Welcome to the first edition of Tour Guide, a (tentatively named) Club TFE feature that will mostly focus on professional golf with some preview-y insights and review-y humor. It’s a free flowing notebook featuring some of the smarter observers of the pro game that will preview what lies ahead, look back at recent events, and remember tournaments of old. This week, it’s all about the annual PGA Tour event at Torrey Pines.
A Torrey Primer
By Joseph LaMagna
I have a goal of getting to all the recurring courses on the PGA Tour schedule. I’ve watched countless hours of each course on PGA Tour Live, and I’ve looked at a bunch of data for every course, but you always learn something new when you see a golf course in person for the first time. Last January, I attended the Farmers Insurance Open and finally crossed Torrey Pines off my list.
When people describe Torrey Pines (South), what are the main descriptors they use?
Generally, I think people tend to focus on the narrow fairways, the nastiness of the rough, and the overall length of the golf course. The course is often characterized as a brute. While all of those descriptors are appropriate, in my opinion, one of its most defining features is that the greens are small and most of them slope from back to front.
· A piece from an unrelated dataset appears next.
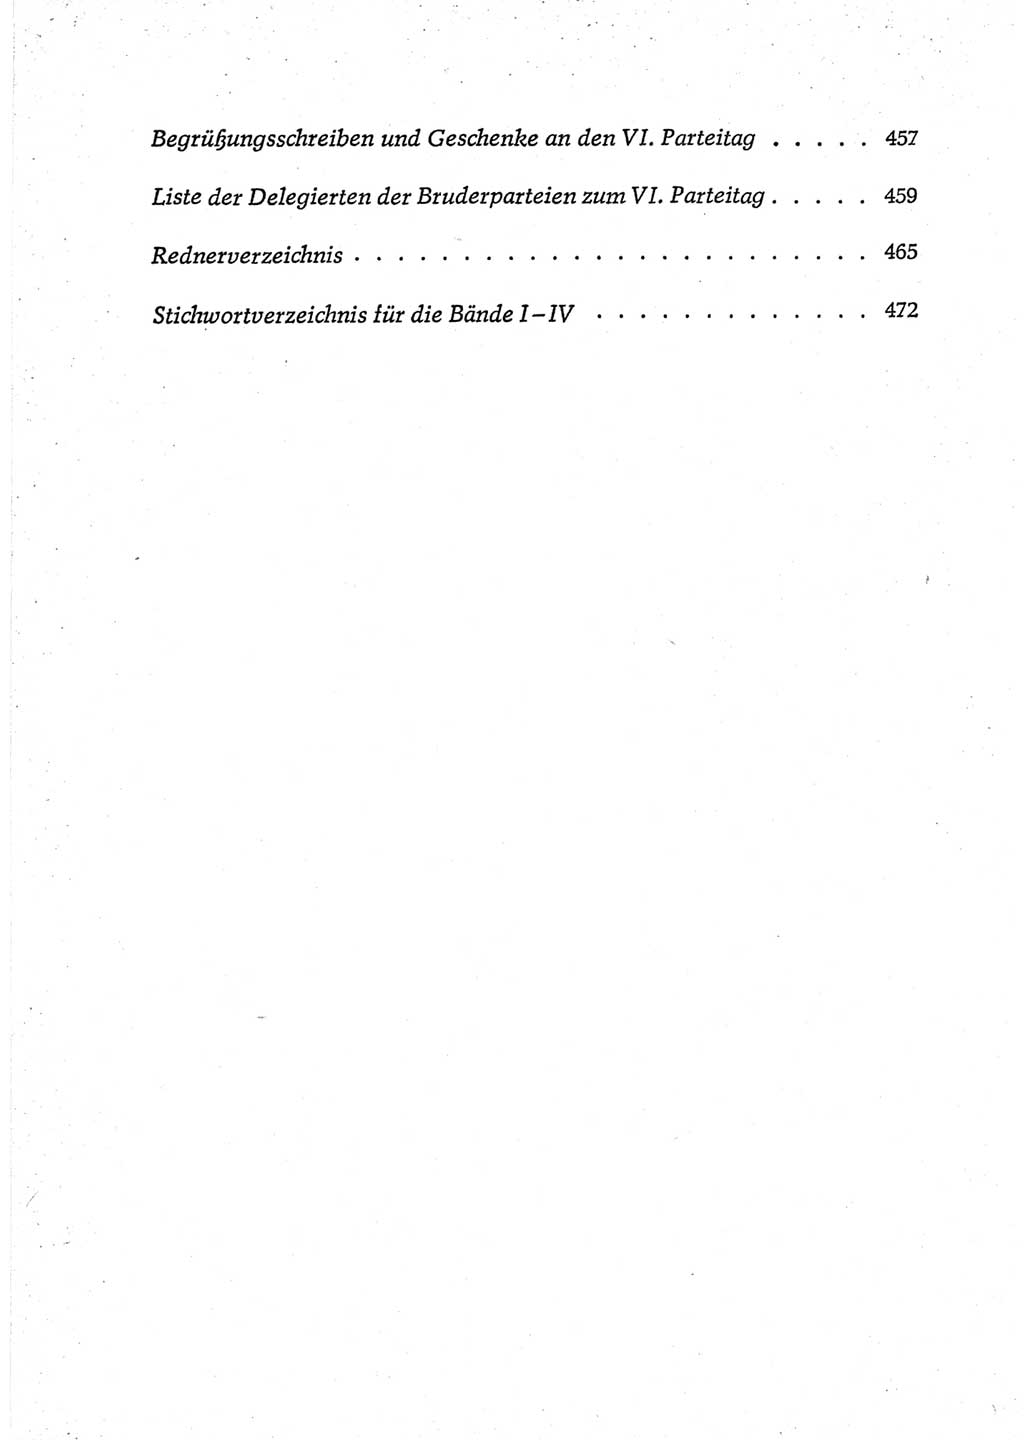 Protokoll der Verhandlungen des Ⅵ. Parteitages der Sozialistischen Einheitspartei Deutschlands (SED) [Deutsche Demokratische Republik (DDR)] 1963, Band Ⅳ, Seite 544 (Prot. Verh. Ⅵ. PT SED DDR 1963, Bd. Ⅳ, S. 544)

The green sizes and slope should not be omitted from the description of the golf course.
When I walked onto the property, I already had a pretty good idea of what the greens would look like. I was still struck, however, at the back-to-front sloping on many of the greens.
If forced to pick one hole that is most representative of the entire test at Torrey Pines, well I could probably pick just about any hole. Torrey is a redundant, one-dimensional test. For the sake of conversation, I’ll choose the fifth hole, a 450-yard par 4 with a green sloped severely from back to front. You cannot afford to be above the hole to particular pin locations. Last year I watched Luke List, winner of the 2022 Farmers Insurance Open, hit a 20-foot putt 23 feet past the hole. I can attest that this was not a ShotLink error.
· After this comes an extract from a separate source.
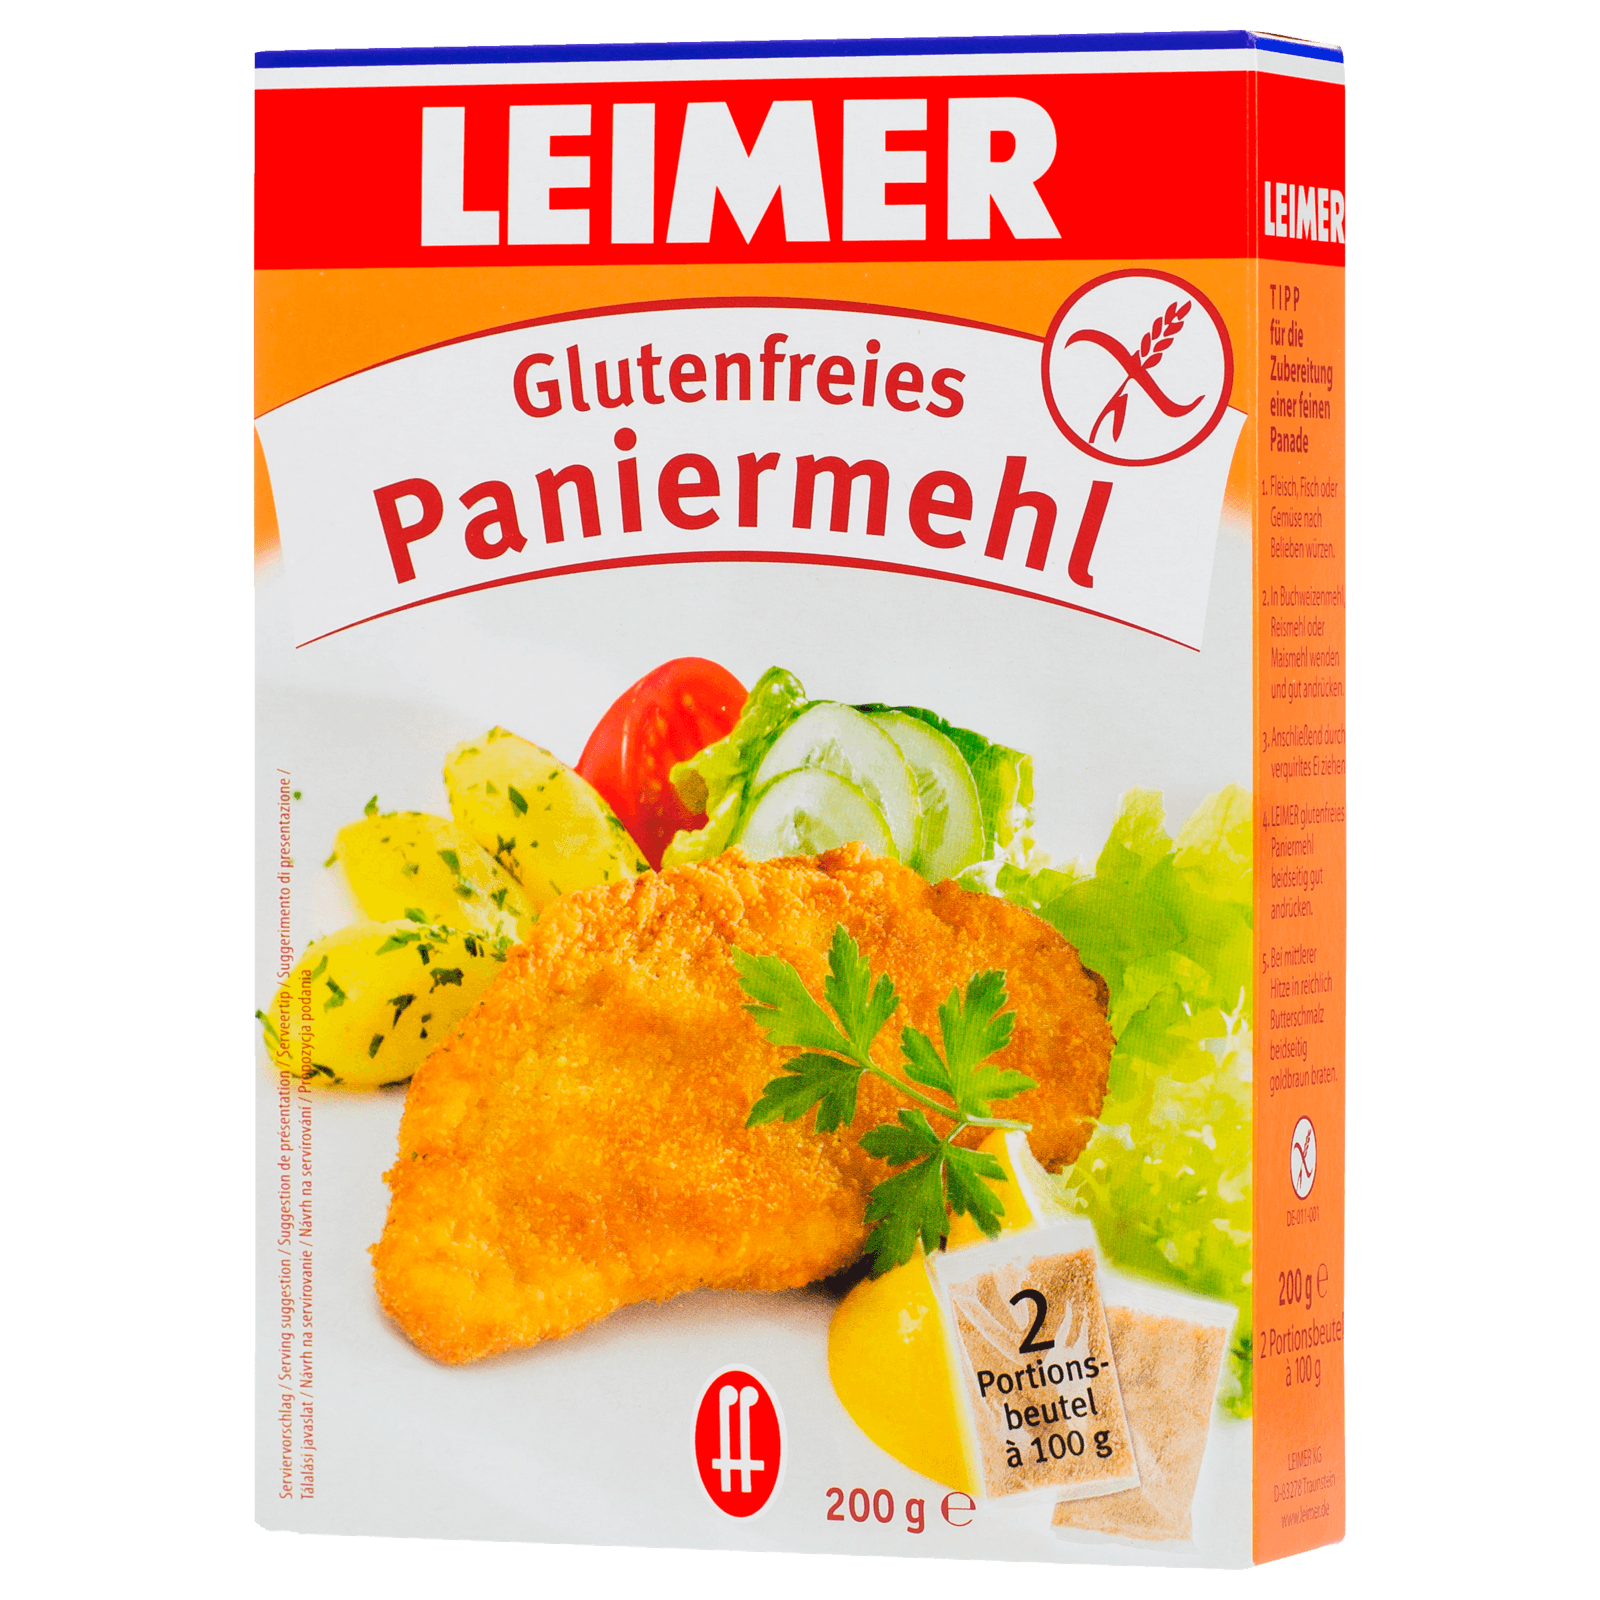 Leimer Paniermehl glutenfrei 200g

Another shot that stuck with me was Max Homa’s second shot of his second round on the 12th hole, a brutish par 4 that plays over 500 yards. He missed the fairway left off the tee, resulting in one of the worst lies I saw that week. From that position, he ripped a 192-yard shot up the narrow chute of the fairway, leaving himself in a prime position to get up and down and save par.

Ultimately, he missed the 6.5 foot putt for par, but the second shot was exactly the type of shot required to win at Torrey Pines. It required an enormous amount of strength and club face control to hit a shot that got him back into position to score. To win this week, players will need to hit those types of strenuous shots, leave themselves in favorable positions around the green, and convert testy up and downs.
The course sets up exceptionally well for a player like Tony Finau, a powerful, athletic player with a world class short game. He has the strength and speed to muscle shots out of the rough and the finesse around the greens to turn potential bogeys into pars. In nine starts at the Farmers Insurance Open, Finau has five top 10 finishes, eight top 25 finishes, and just one missed cut. He’s a player to keep an eye on this week.
Is Torrey Pines a good test of professional golf?
That depends on what you value. I much prefer watching professional golf at Torrey Pines to what we’re treated to each year at PGA West, a wedge fest where there is often little consequence for missing around the greens in the wrong spots. At the same time, Torrey Pines is sorely lacking in the variety department. Furthermore, with rough frequently serving as the only defense, there is often little difference in missing the fairway by just a couple of yards versus missing by 15-20 yards. Therefore, inaccurate drivers can swing with impunity off most of the tee boxes.
I’m excited to watch the tournament this week. It’s redundant and one-dimensional, but there are worse brands of redundancy and one-dimensionality on the PGA Tour. And there aren’t many more pleasant settings to watch golf than the piece of property Torrey Pines sits on, a significant additive factor to a historic tournament on the PGA Tour schedule.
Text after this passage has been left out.